Condition (1): A compacted wooden board immediately after production is immersed in water at 30 ° C. under reduced pressure for 1 hour and then completely dried in a dryer at 105 ° C. Condition (2): A compacted wooden board immediately after production in water at 60 ° C. After being immersed in a dryer at 105 ° C. for 1 hour, condition (3): Immediately after being immersed in 100 ° C. water for 1 hour, the compacted wooden board was completely dried in a dryer at 105 ° C.

 As a result, the compacted wooden board PW according to the present example passed in all the tests under the three conditions (1) to (3), and was proved to be an extremely excellent immobilization state.

 In the test of the condition (1), a wooden board cut to a thickness within a range of 5 mm to 40 mm is dried to a moisture content within a range of 10% to 30%, heated to a first heating temperature, Pressurize with pressure for a first predetermined time, then heat to the second heating temperature while maintaining the pressurized state, blow in water vapor at the second heating temperature and hold for a second predetermined time, 120 It was found that all of the compacted wooden boards that were returned to normal pressure after cooling to below ° C passed.

 On the other hand, in the test of the condition (2), a wood board cut to a board thickness in the range of 10 mm to 25 mm is dried to a moisture content in the range of 15% to 20%, and the range of 110 ° C. to 160 ° C. After heating in, pressurize only within a range of 10 minutes to 40 minutes at a pressure within a range of 0.1 MPa to 10 MPa, and then heat to 150 ° C. to 210 ° C. while maintaining the pressurized state.
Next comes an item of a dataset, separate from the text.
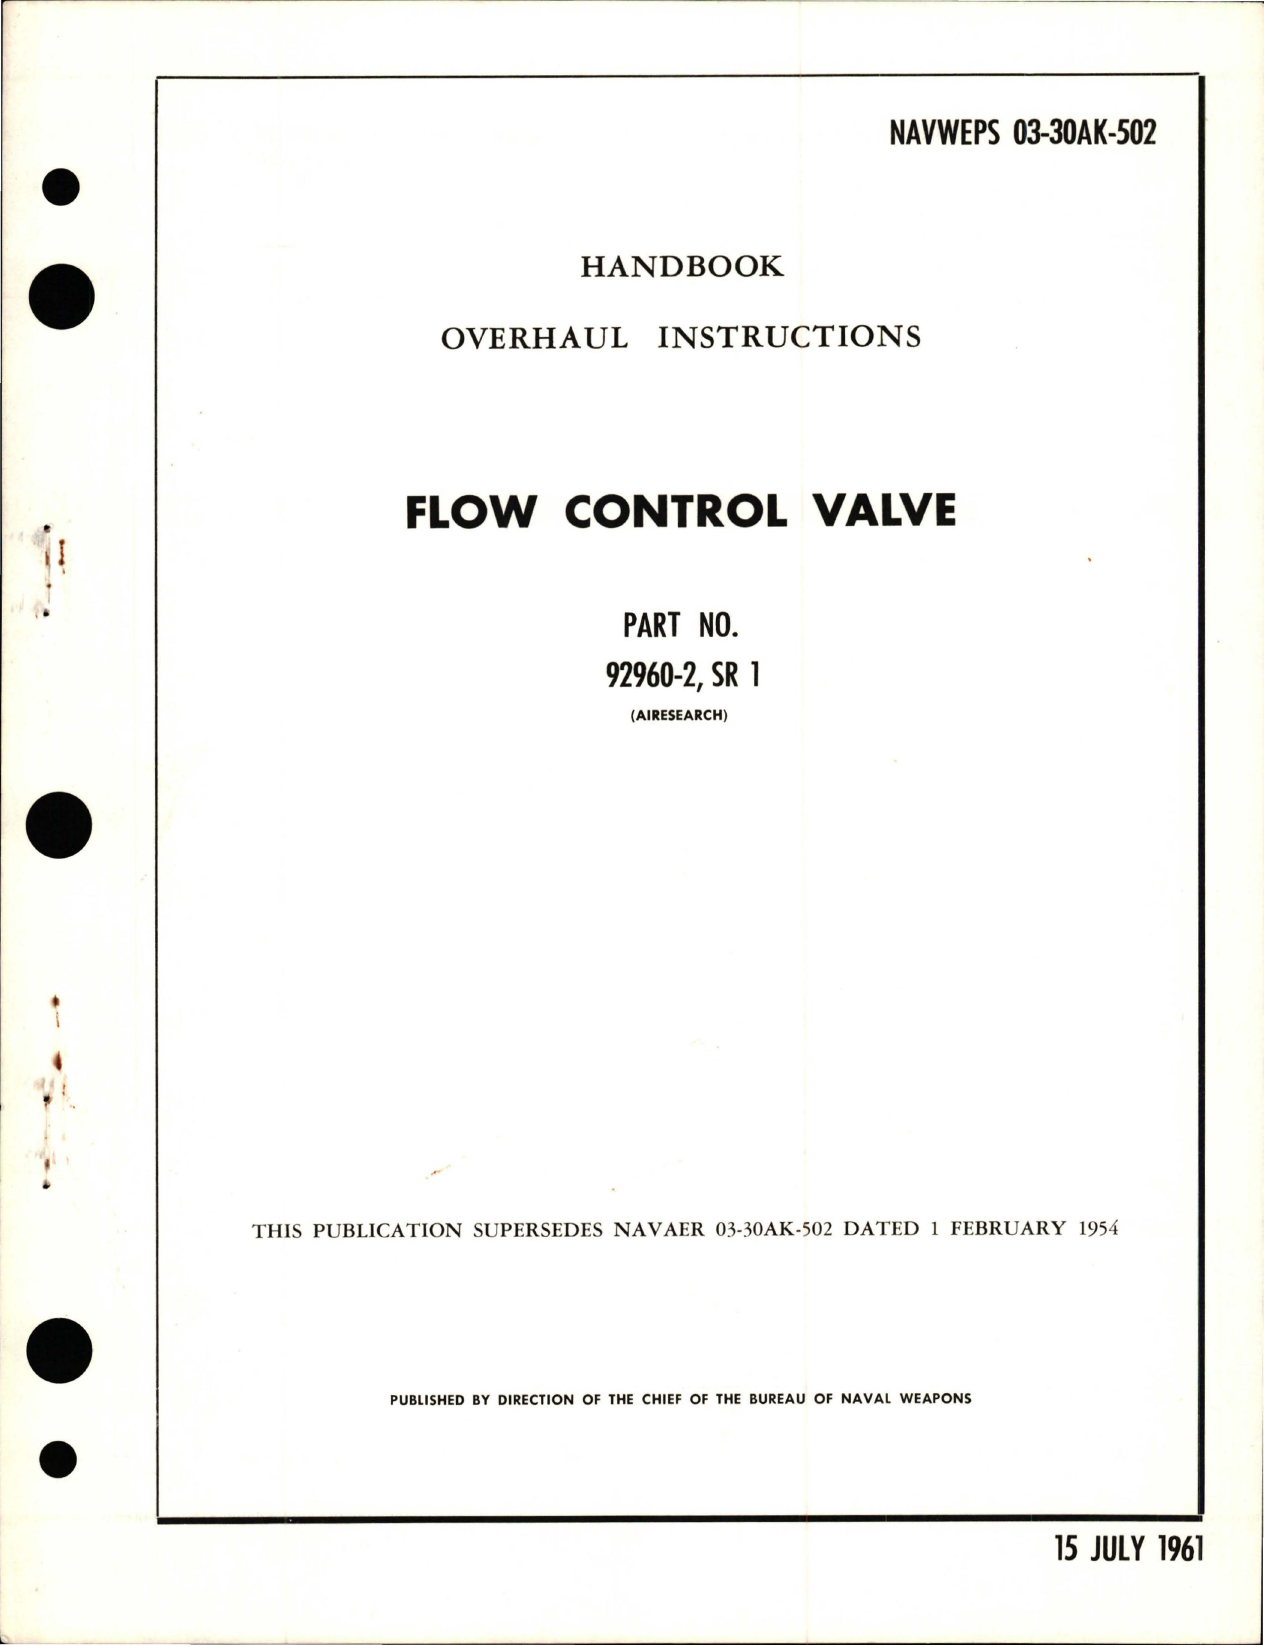 Sample page 1 from AirCorps Library document: Overhaul Instructions for Flow Control Valve - Part 92960-2 SR 1

All of the compacted wood boards that were blown into water vapor and held only for 10 minutes to 120 minutes, cooled to below 120 ° C. and then returned to normal pressure passed, but those outside these conditions included I found something that did not pass.

 Furthermore, in the test of the condition (3), a wooden board cut to a board thickness within a range of 10 mm to 25 mm is dried to a moisture content of 15% to 20% and heated to a range of 120 ° C. to 140 ° C. After that, the pressure is applied only within a range of 20 minutes to 30 minutes at a pressure within the range of 1 MPa to 5 MPa, and then heated to 160 ° C. to 180 ° C. while maintaining the pressurized state, and steam of the same temperature is blown in to 30 ° C. All of the compacted wooden boards that were held in the range of minutes to 90 minutes and cooled to below 100 ° C. and then returned to normal pressure passed, but those that did not pass these conditions did not pass It was found.

 The compacted wood board that passes the test of the condition (1) is suitable for the usage by the normal usage of wood such as floor boards, wall boards, interior fittings, and exterior materials used by painting, and the test of the condition (2) The compacted wood board that passes is suitable for applications that are used under more severe conditions such as floor heating flooring and bathroom floors.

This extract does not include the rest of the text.